Se recuesta de nuevo sobre su almohada, intentando recuperar un sueño, algún sueño, ¿dónde estaba?, se esfuerza por recordar, había alguien con ella, muchos tal vez, retazos de escenas, brazos, manos, bocas, palabras, dientes, sabores a amargura pasada, pérdidas, traiciones, abandonos, mentiras, decepciones, dolor, lágrimas… Todo es confuso, ¿por qué soñaba con esa persona?, ¿qué tiene que ver con esa otra?, ¿por qué estaba en ese lugar que no se relaciona para nada con aquello?, ¿qué quieren decir esas palabras mezcladas con esas otras?, ¿por qué siente esa punzada en el corazón cuando aquello ya no le afectaba?, ¿y por qué sufre si eso ya pasó?.

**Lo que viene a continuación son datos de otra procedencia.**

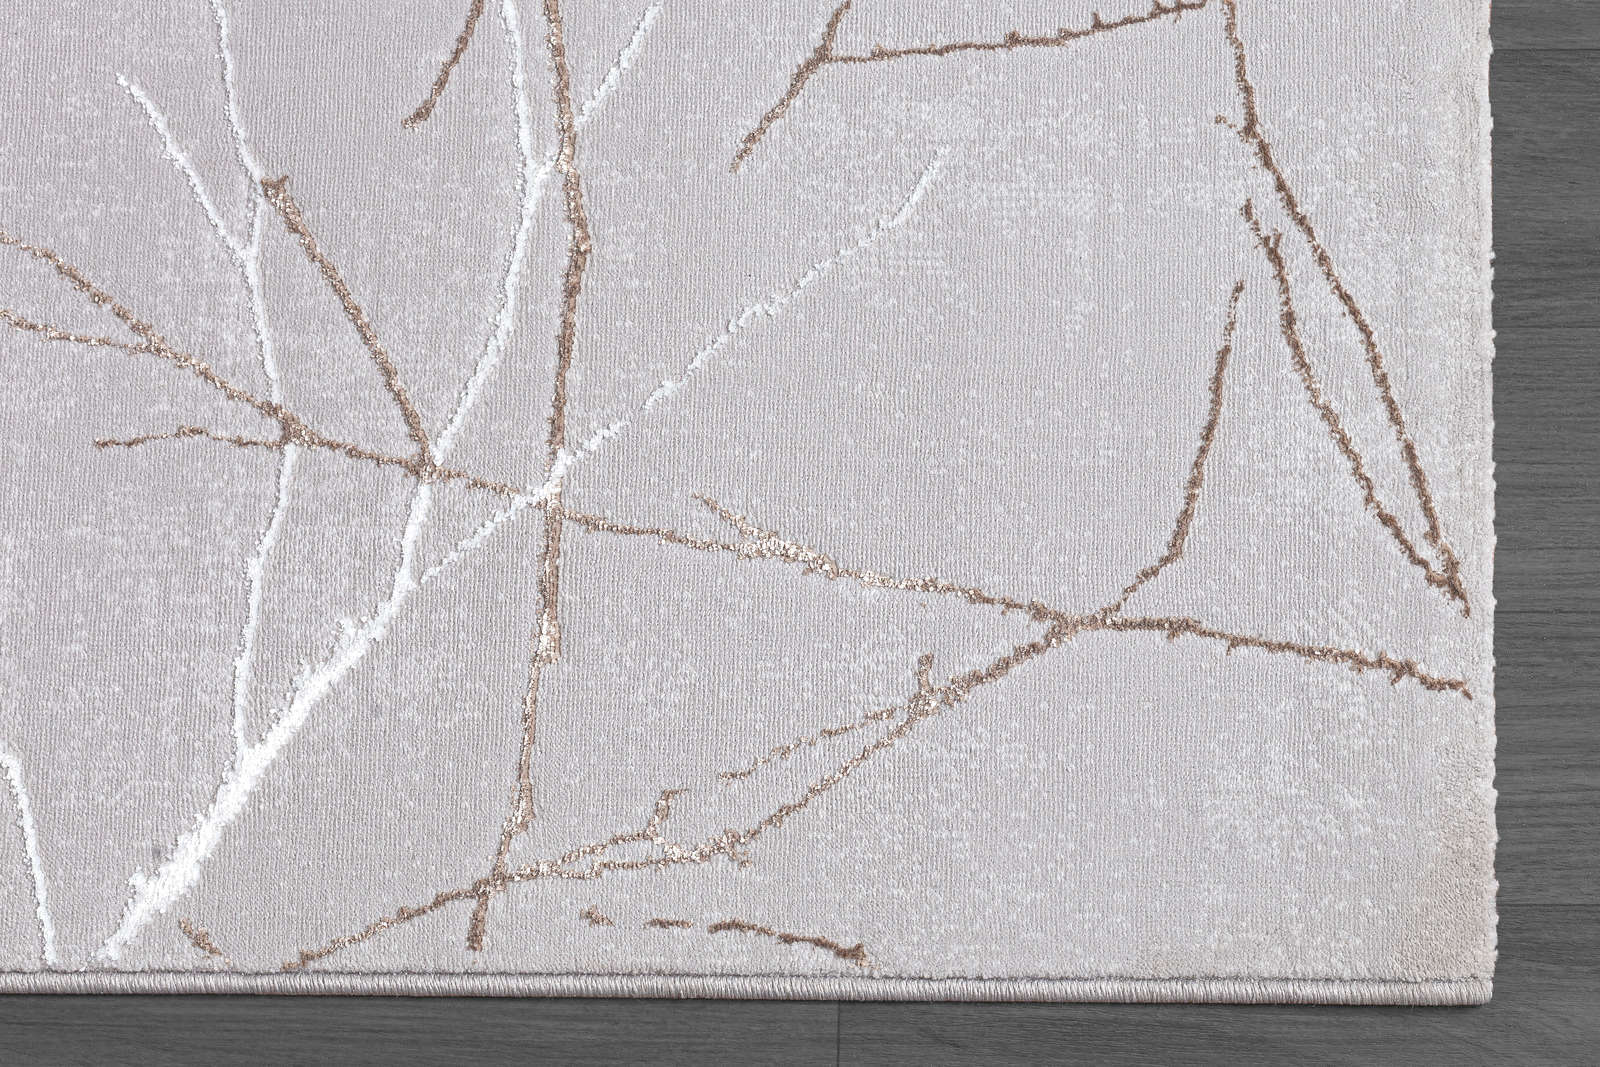             Bemusterter Hochflor Teppich in Grau – 150 x 80 cm

Se concentra en el tic-tac-tuc de una gota insistente sobre el cristal de su ventana y el ritmo iterativo la sumerge en sensaciones de congoja que se acentúan progresivamente en sus ojos hasta derramarlos salados sobre la franela que sujeta su cara absorbiendo la humedad de la pena agresora que se ha instalado como un parásito en un breve descuido, en una simple bajada de defensas. El sueño es el vehiculo de la angustia anquilosada, vieja, remanente, bloqueada durante años en un quiste de dolor mal curado. Un dolor que aprovecha el espacio menos consciente para deslizarse como un usurero calculador y miserable enredando angustias pasadas con miedos presentes en un amasijo de pseudovivencias que se agarran como espinas a las venas del corazón a las 4:00 en punto.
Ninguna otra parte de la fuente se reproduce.